Заняв пост в кулисе на левой стороне, он надзирал за статистками, толпившимися за сценой и пока только мечтавшими попасть в состав кордебалета. Его бесило, что они так легко принимают ухаживания всяких господ не первой свежести — один седовласый соблазнитель уже зажимал в углу девицу и что-то нашептывал ей, пытаясь всучить коробку конфет; второй восседал на стуле, а у него на коленях вертелись и хихикали сразу две малолетние егозы.
«Позор тому, кто дурно об этом подумает», — прокомментировал Мельхиор, смертельно завидуя обоим престарелым ловеласам. И единственная принятая им мера против непотребства за сценой свелась к тому, что он оштрафовал девчонку, которая громче всех смеялась, — обычная санкция, призванная поддерживать дисциплину среди маленьких жеманниц, ни единая из которых никогда не сравнится с мадемуазель Сюбра или мадемуазель Хирш.
— Эта Аглая стоила мне полторы тысячи франков на Рождество! — пожаловался старикан с орденом Почетного легиона такому же скрюченному годами сатиру.
Мельхиор Шалюмо, пожав плечами, перебрался поближе к сцене.

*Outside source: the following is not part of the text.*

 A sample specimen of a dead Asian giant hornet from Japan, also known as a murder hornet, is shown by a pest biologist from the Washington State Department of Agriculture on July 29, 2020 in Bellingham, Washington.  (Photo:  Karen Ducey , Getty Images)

И вдруг произошло нечто ужасное: в разгар вальса Ольга Вологда упала — и осталась лежать, смешно раскорячившись на подмостках. Все случилось столь быстро и неожиданно, танцовщики столь стремительно бросились спасать положение, что публика решила, будто так и задумано хореографом. Балерины из кордебалета тотчас заслонили Ольгу собой, Сванильда и Франц сымпровизировали зажигательное па-де-де, а русскую приму тем временем унесли за кулисы. Не успели редкие балетоманы, придирчиво сверявшиеся с либретто по ходу спектакля, удивиться, а на сцену уже выпорхнула дублерша Коппелии и, обмирая от счастья — надо же, как повезло! — устремилась в круг.

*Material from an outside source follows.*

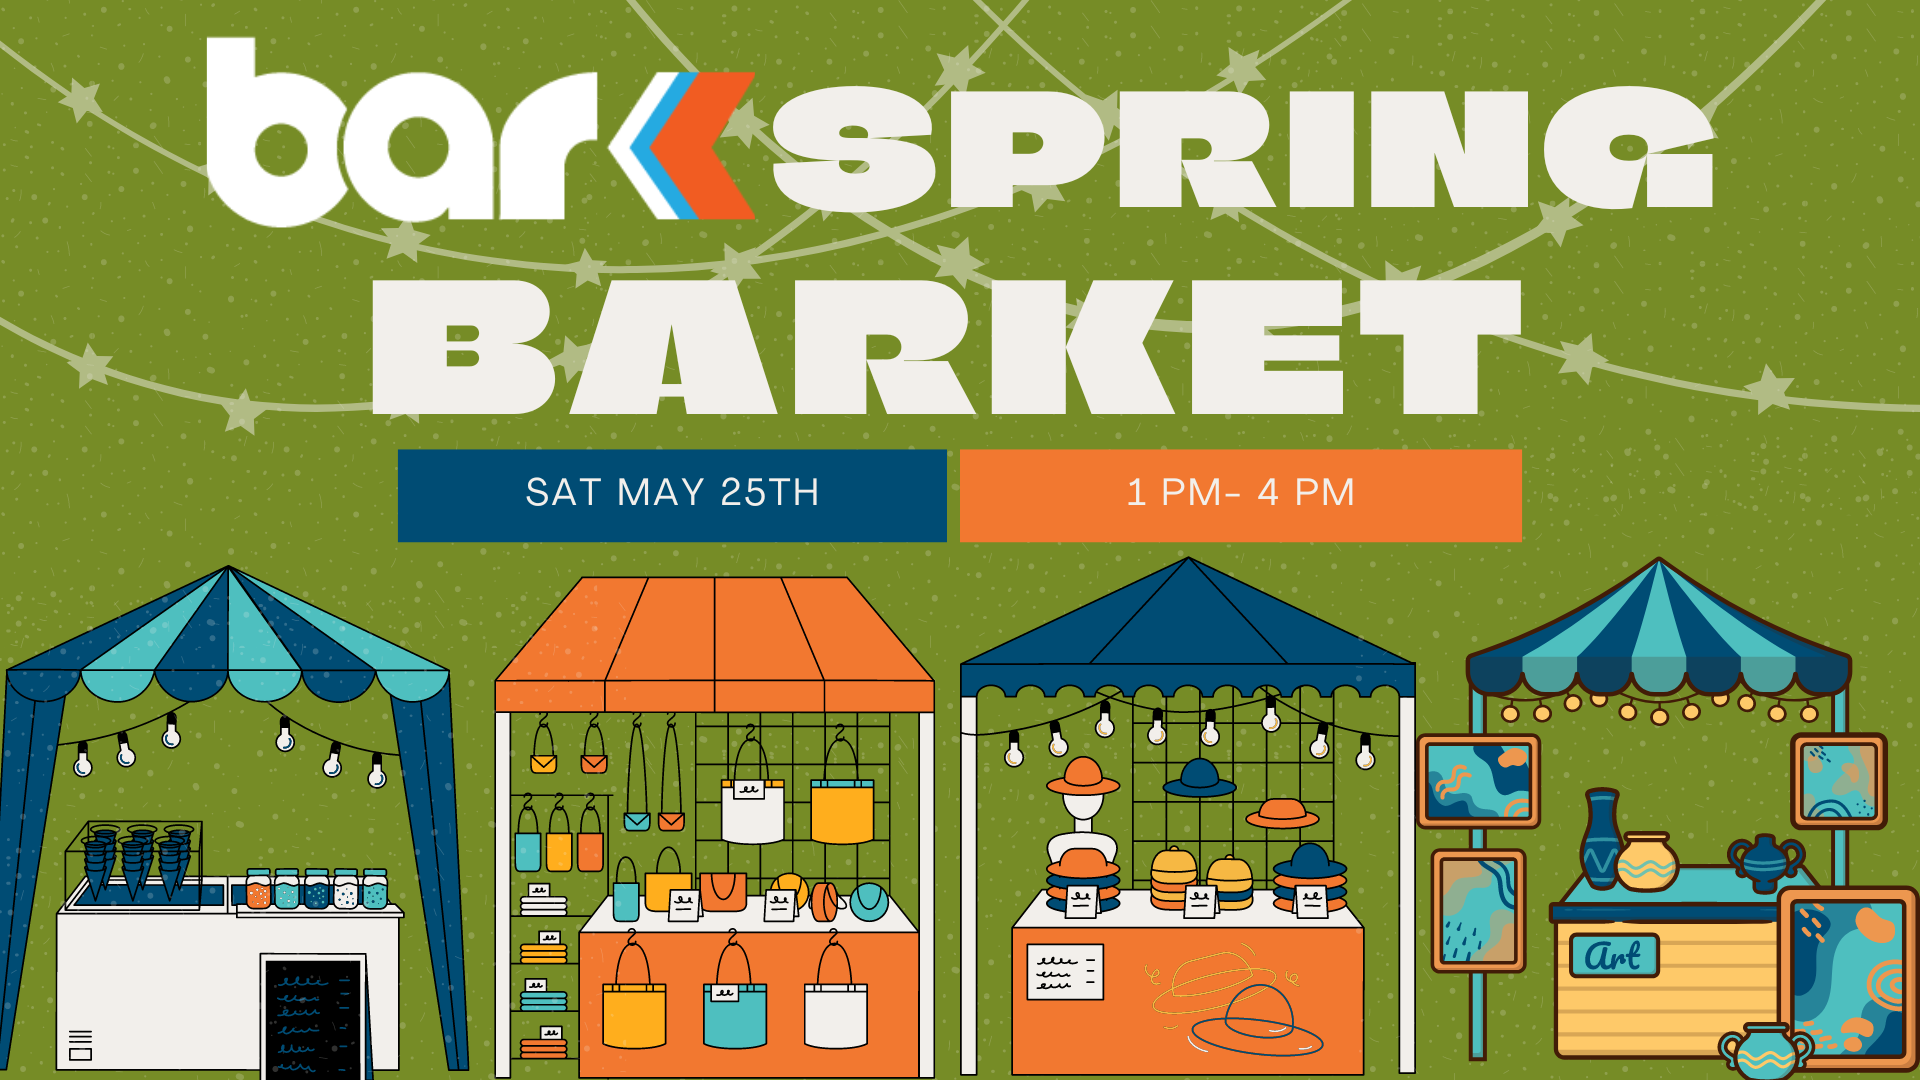 Four artisan stalls with text Bar K Spring Barket Sat May 25th 1pm to 4 pm

Кто-кто, а уж Мельхиор Шалюмо все видел и все понял. Один-единственный взгляд на распростертое тело Ольги Вологды — и его охватило такое неистовое ликование, что человечек даже испугался: он не сумеет скрыть свои чувства, надо срочно что-то делать. Прочь отсюда немедленно, а то заметят!.. Куда же?.. Конечно, на крышу!
Мельхиора шатало, сердце грозило вырваться из груди, и чтобы дать выход безудержной радости, он запел:
Человечек жил на свете, Сам не больше воробья. «Чик-Чирик!» — кричали дети…На высоте пятидесяти метров Чик-Чирик скакал по крыше дворца Гарнье, который вознес его над сияющей электрическими фонарями авеню Опера, над Парижем, чей сон хранила конная муниципальная гвардия, над миром, над Вселенной.
— Господь Всемогущий, Ты меня так вконец избалуешь! Я ждал этого момента, верил Тебе, как всегда, без оглядки. Ну, бывало, что и усомниться доводилось время от времени — да ведь не без повода же, сам подумай! А тут — оп-ля! — Ты разложил мне эту злыдню на сцене, как блин на сковородке! Брависсимо!